Refactor migration to process more data
What does this MR do and why?
Related to #351381 (closed)
Background
Following up from !109379 (merged) and !107730 (merged) after more testing in staging.
Note: Advanced Search migrations are currently paused in production via a feature flag
In staging, the migration is taking too long to run due to a few reasons:
- there are projects in the index that are not found in the database
- many of those projects contains a small number of files (10-20 files)
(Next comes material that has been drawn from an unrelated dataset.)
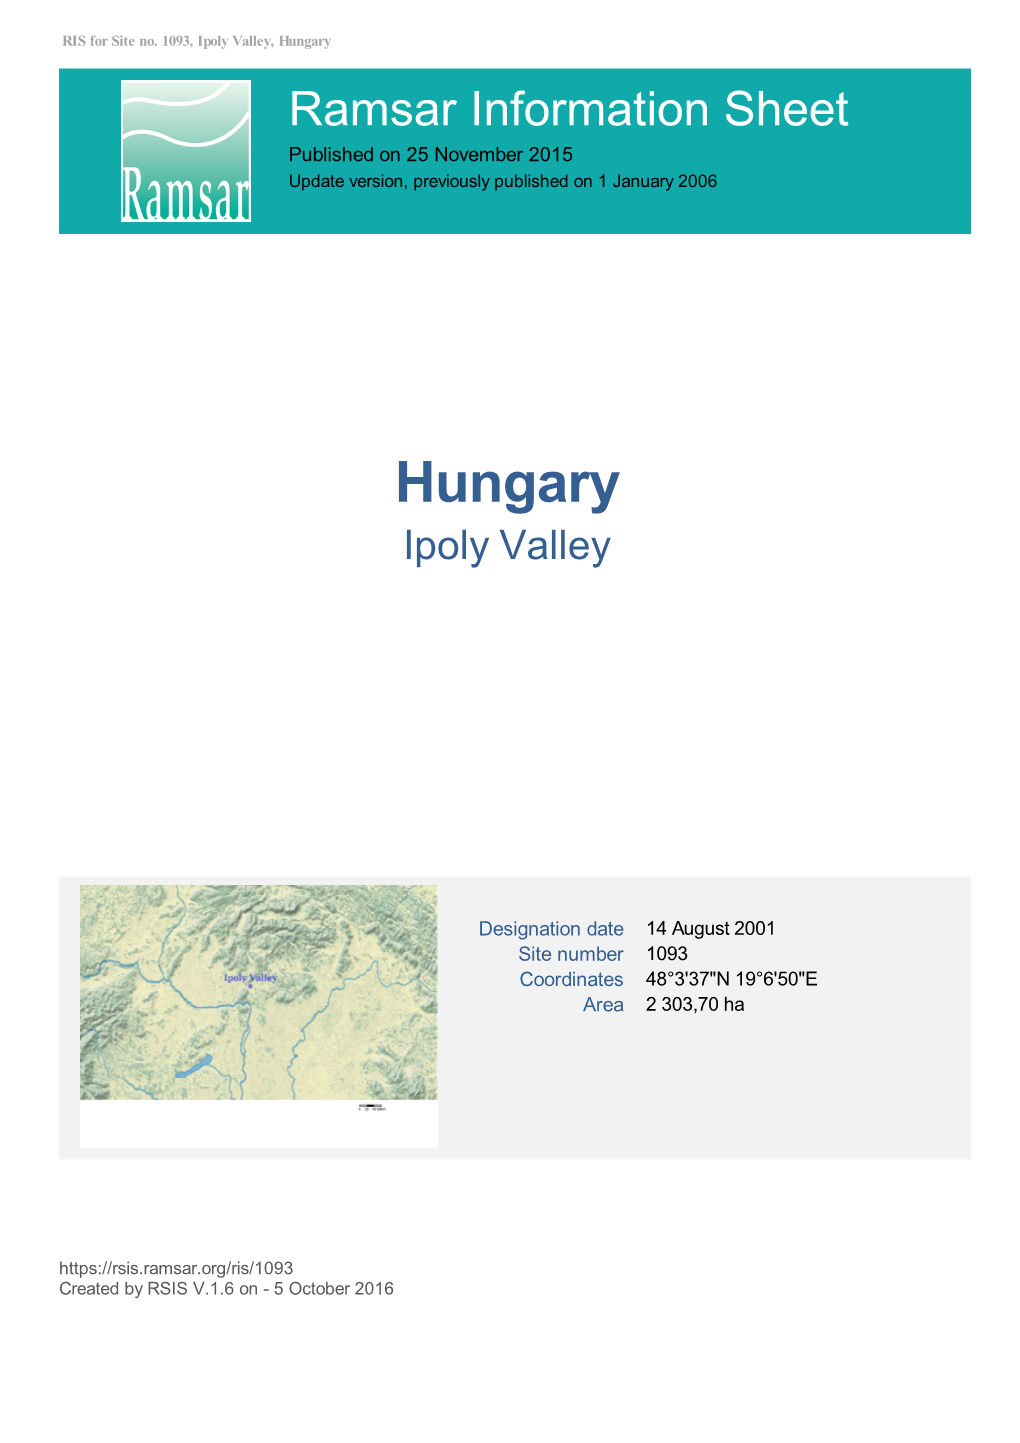 Hungary Ramsar Information Sheet Published on 25 November 2015 Update Version, Previously Published on 1 January 2006
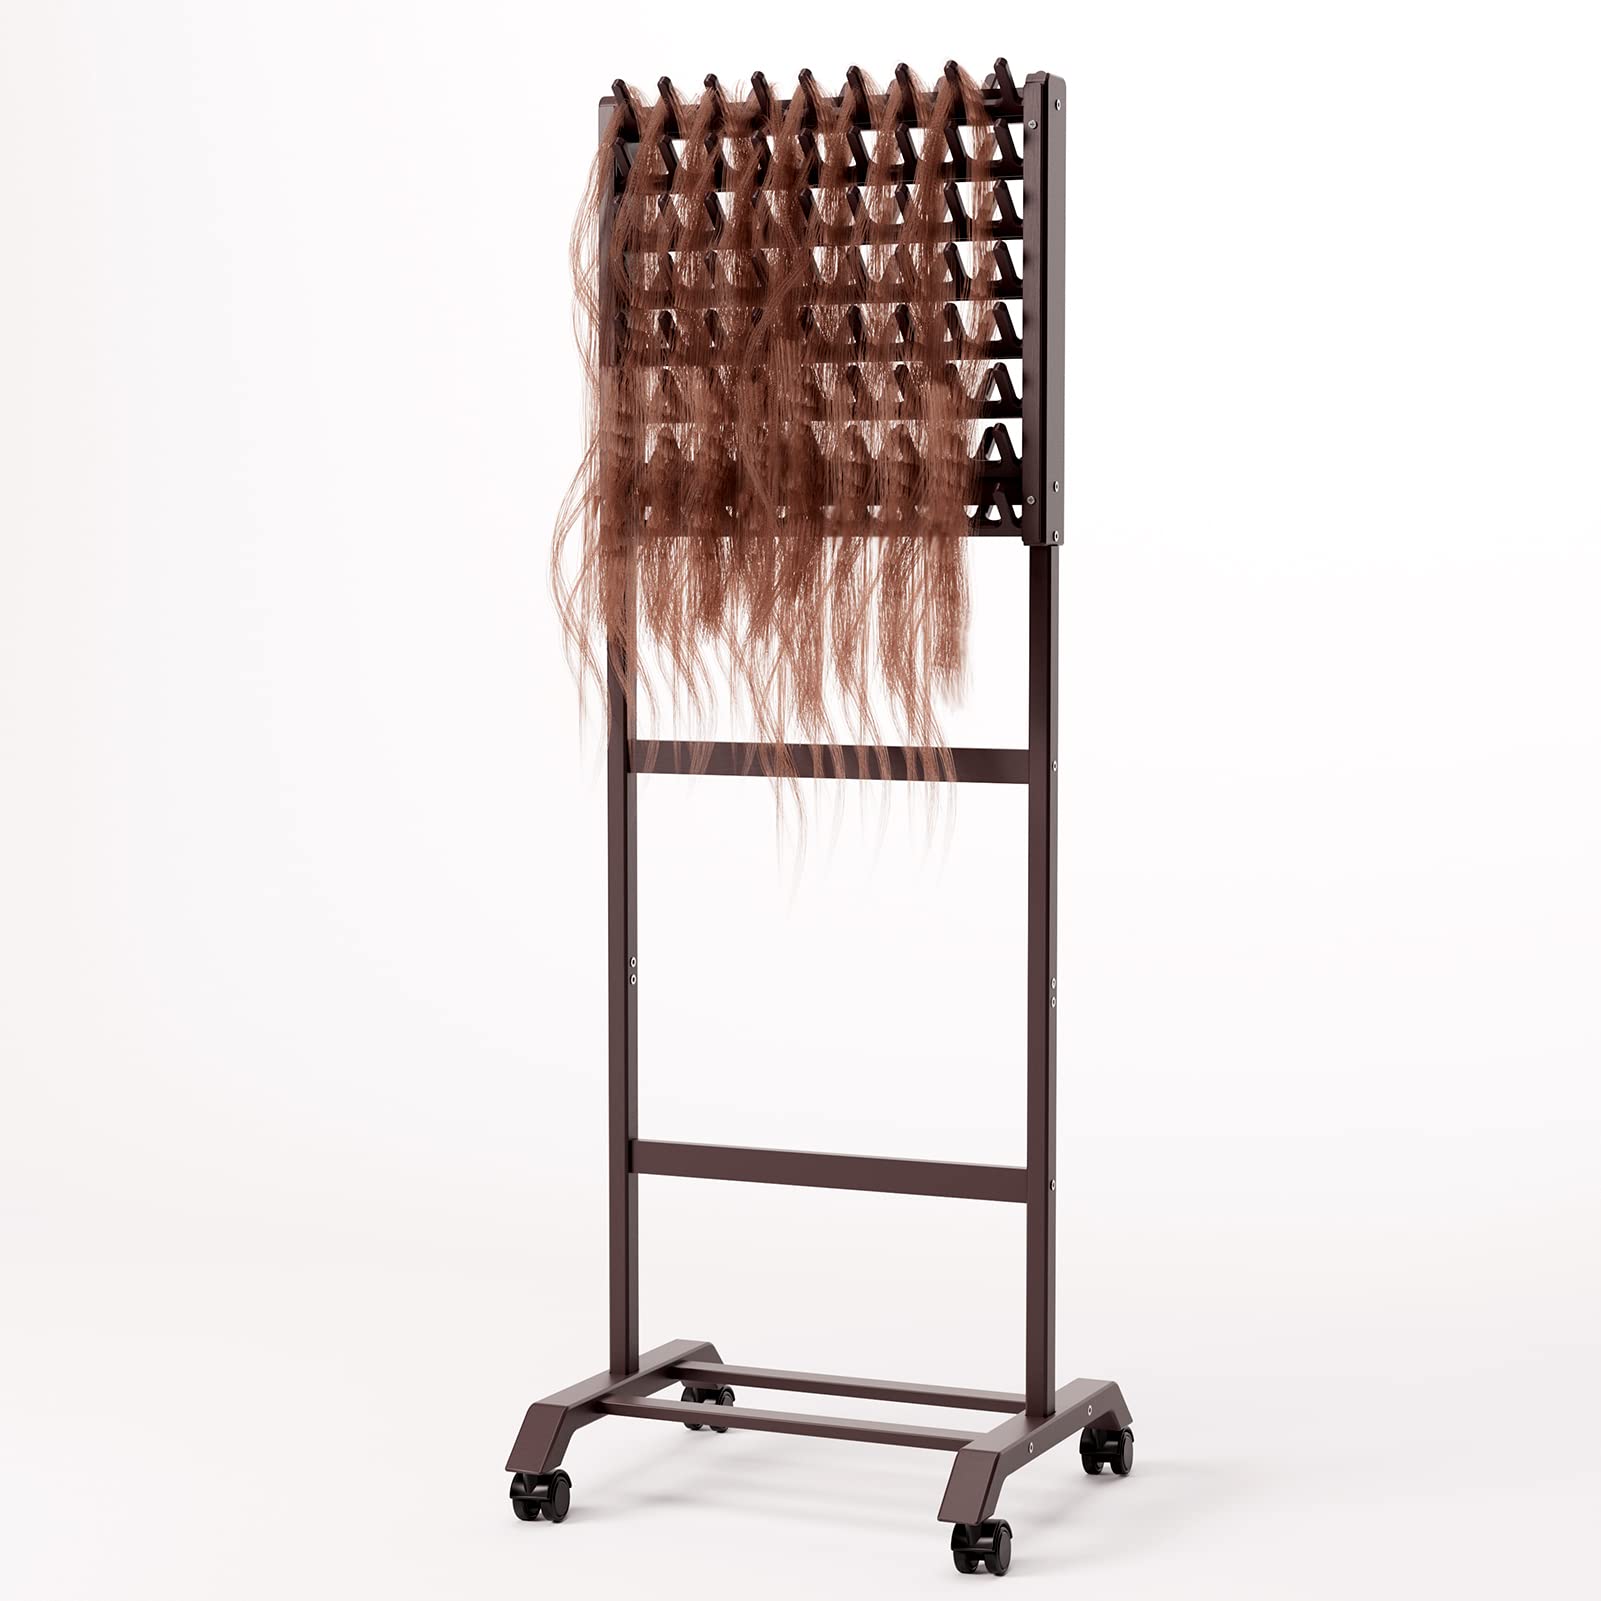 Braid Rack Extension Holder For Styling Standing Or Wall Mounted

- the migration only processes 1 project every 45 seconds
At the current rate, staging will not finish for a long time and I'm unsure of whether this issue with database deleted projects exists in production (I suspect it does). The deleted projects are automation projects created from QA and I'll be opening up another issue to look into what is happening there.
Changes
This MR aims to speed up the migration by:
- reducing the throttle to 5 seconds, running more often will allow us to process data faster
- run up to 100 projects at once
- change to tracking multiple tasks in the migration_state along with the associated project_id
Screenshots or screen recordings
N/A
How to set up and validate locally
Elasticsearch query to remove migration from migrations index
URL: DELETE http://localhost:9200/gitlab-development-migrations/_doc/20221221110300
Elasticsearch query to remove traversal_ids from documents
URL: POST http://localhost:9200/gitlab-development/_update_by_query?wait_for_completion=true&refresh=true
{
"script": "ctx._source.remove('traversal_ids');",
"query": {
"bool": {
"must": {
"terms": {
"type": [
"wiki_blob",
"blob"
]
}
}
}
}
}
Elasticsearch query to count documents missing traversal_ids
URL: GET http://localhost:9200/gitlab-development/_count
{
"query": {
"bool": {
"must_not": {
"exists": {
"field": "traversal_ids"
}
},
"must": {
"terms": {
"type": [
"wiki_blob",
"blob"
]
}
}
}
}
}
- setup gdk for Elasticsearch and make sure the indexes are created and populated
- stop rails-background-jobs to make sure the cron worker doesn't process the migration for you
gdk stop rails-background-jobs
- remove all of the existing traversal_ids from the index (see
Elasticsearch query to remove traversal_ids from documents
above) - check that there are blob and wiki_blob documents missing traversal_ids (see
Elasticsearch query to count documents missing traversal_ids
above) - delete the migration record from the migrations index if it exists (see
Elasticsearch query to remove migration from migrations index
above) - start rails console and manually run the migration worker
Elastic::MigrationWorker.new.perform
- monitor the
elasticsearch.log
file for progress. you will need to run this a bunch to fully walk through all of the projects in your index (it may be a lot) - check the migration document to make sure it gets updated with tracking details
GET http://localhost:9200/gitlab-development-migrations/_doc/20221221110300
- you can start rails-background-jobs back up and let it automatically finish once you are satisfied
MR acceptance checklist
This checklist encourages us to confirm any changes have been analyzed to reduce risks in quality, performance, reliability, security, and maintainability.
-
I have evaluated the MR acceptance checklist for this MR.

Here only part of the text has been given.